For the lack of having any guidelines, I have changed my behaviour so that I don't download for prolonged periods. The end-result will still be the same amount of data, just at short burst intervals. Despite what MWeb says, they are profiling users as abusive based on a mix of daily/monthly bandwidth. So for most it is an uncapped product (provided you do less than 10GB/day on a 4mbps line or perhaps 50GB/month) but in it's true sense it isn't.

I don't know. Many of these guys know their family and know that Uncle Joe only uses 20GB/mo and cheapest MWEB account is OK for him, while grandma uses 10-15GB /m but in case she ever uses 16GB by mistake, to avoid cutoff, cheapest MW uncapped is good for her.

We've been doing about 70-145GB/mo on 4Mb. We don't do 24/7 and during office hours - very little - mostly just browsing by whoever is at home. I average 4GB on most days and up to 8-11GB on some and as little as 400MB on some others.

(That's 1 desktop, 4 notebooks, 2 iPads, several smart phones).
 
whats the sense of paying an arm and a leg and not being able to use your adsl in fear of getting the boot? there should be laws against this. oh, there is. its called the consumer protection act.

i'm busy studying it.
 
Its not about how much you download, my monthly usage is around 200 Gig a month on 4 Meg uncapped Premium (3 pcs and 4 virtual box pcs and 2 smart phones and an ipad 2). I have never received an abuse notification.

I do download Linux distro's, my distro downloads are maybe 3 hours a day and the wife works from home so there is traffic during the day, mostly emails and general surfing, however I don't download 24/7 and that where the problems comes. Occasionally my machine does download through the night.

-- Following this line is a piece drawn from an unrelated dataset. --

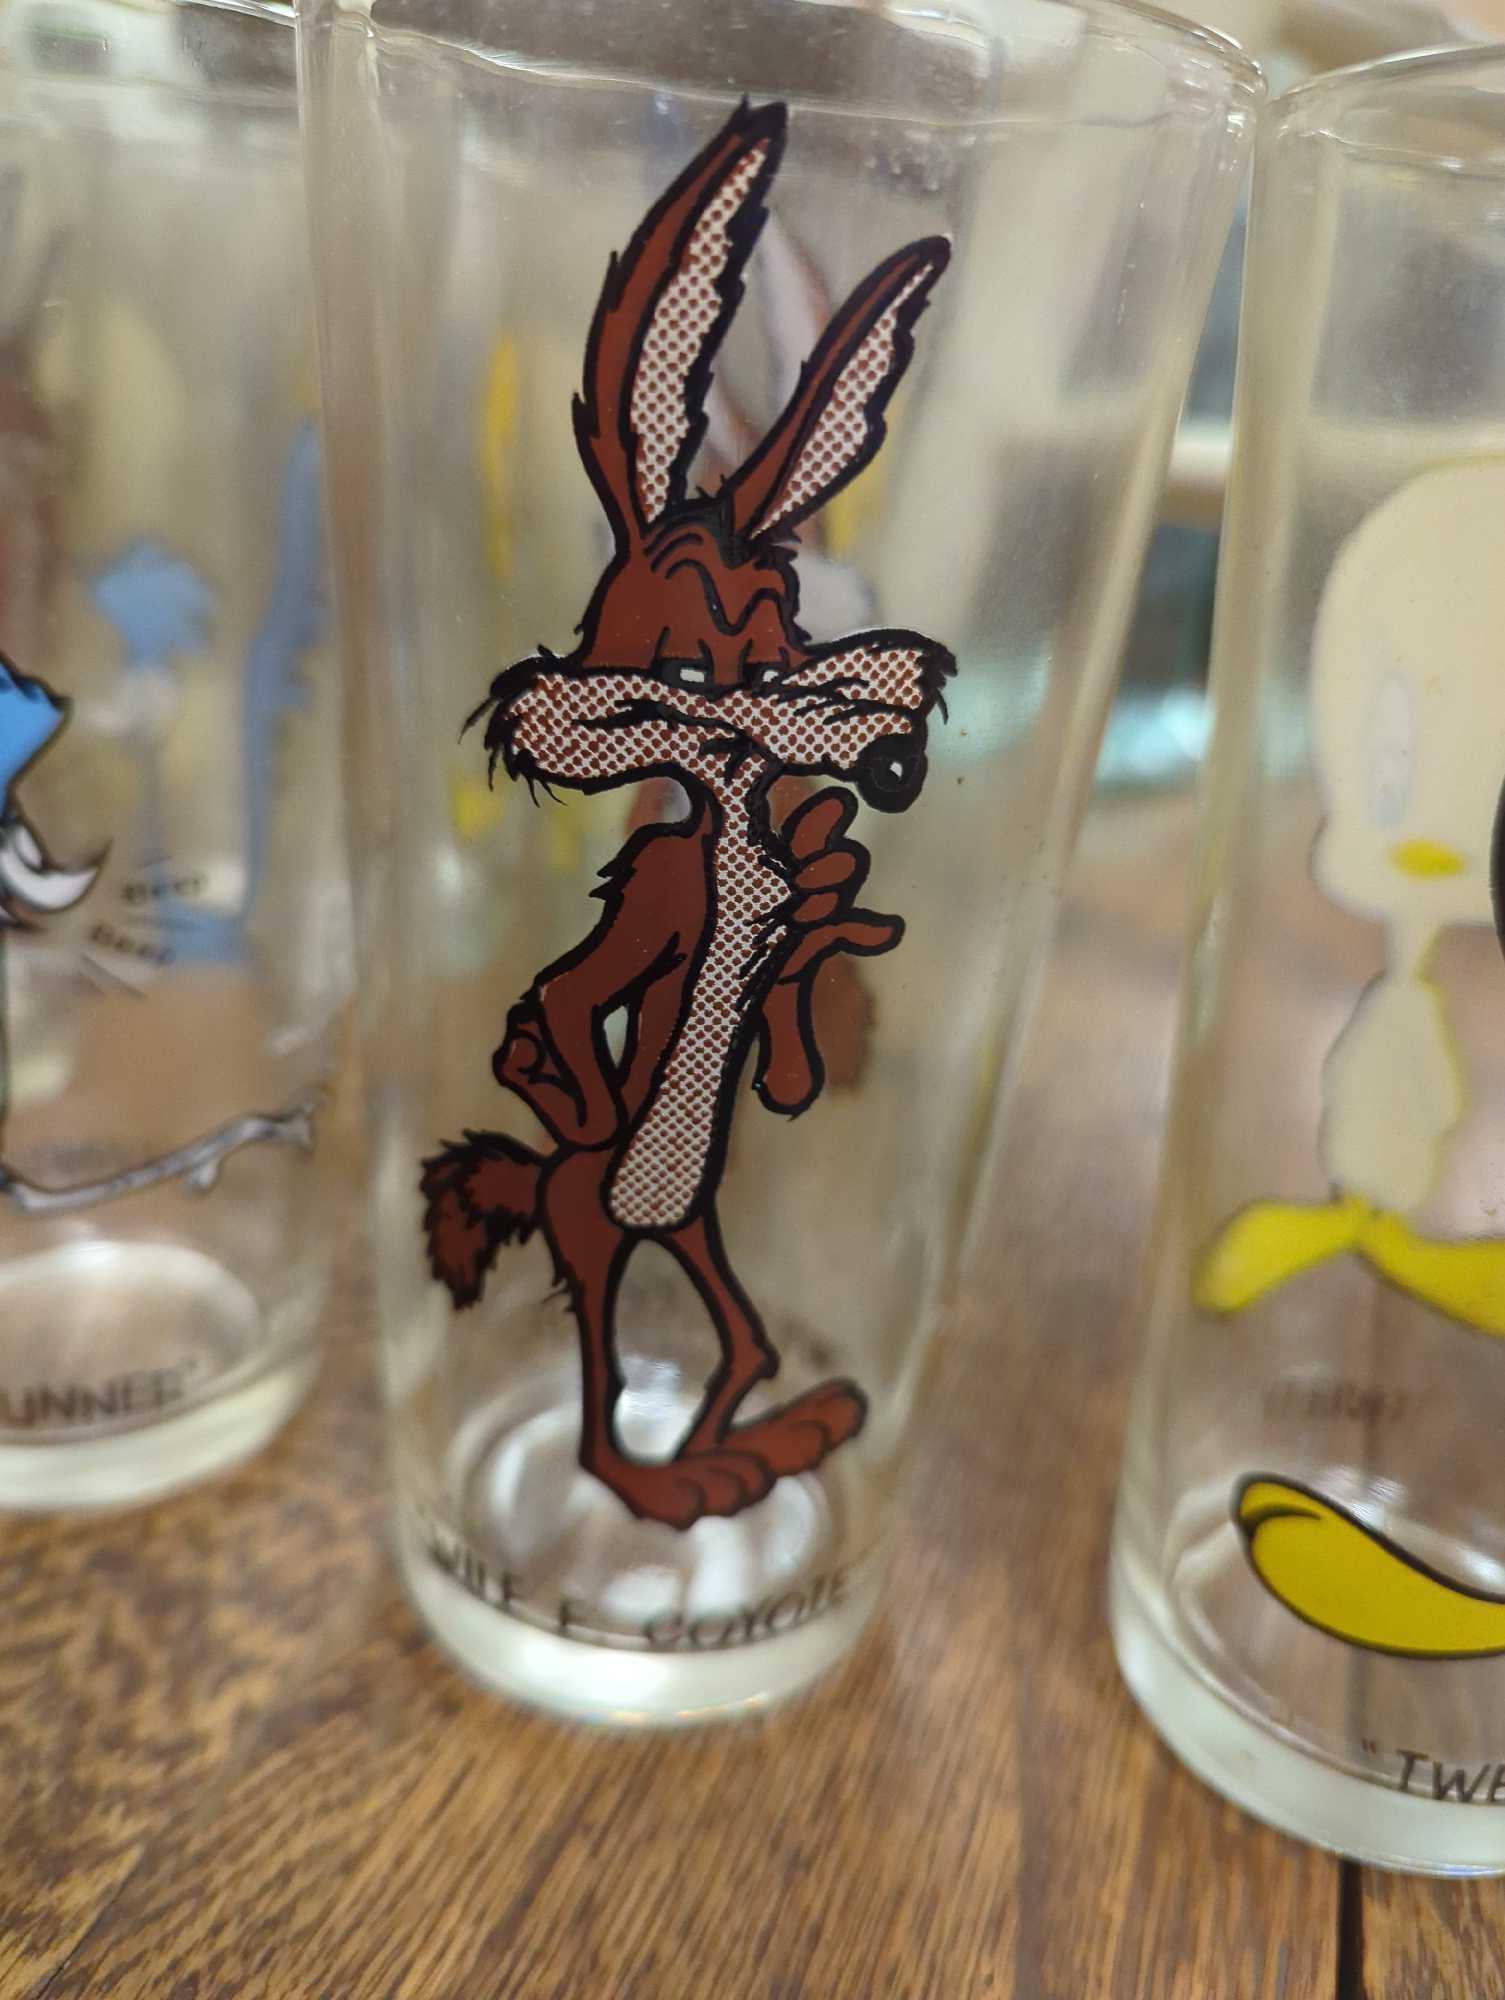 Lot of 18 1973 Warmers Bros. Pepsi Collectable Glass Drinking Cups to Include, Wile E Coyote,

They dont care if you throttle your speeds, as that is not the point. 24/7 downloading is the issue.
 
In the meantime they get rid off the heaviest downloaders who cost them the most money and those who stay on by falling under the rader may actually reduce their usage.

Doubt that this is a good strategy. It's like Mweb saying to people: We refuse to do business with you because we are to technically inferior to manage our own network properly.

There are wonderful things programmers can do. Like automatically shape heavy downloader accounts when the network is under pressure... instead they throw their hands in the air and boot people.

Much like the wonderful search results google provides you with...(there is some clever software sitting behind it)

Mweb should be looking for a better solution.. In the long run they will be damaging their reputation.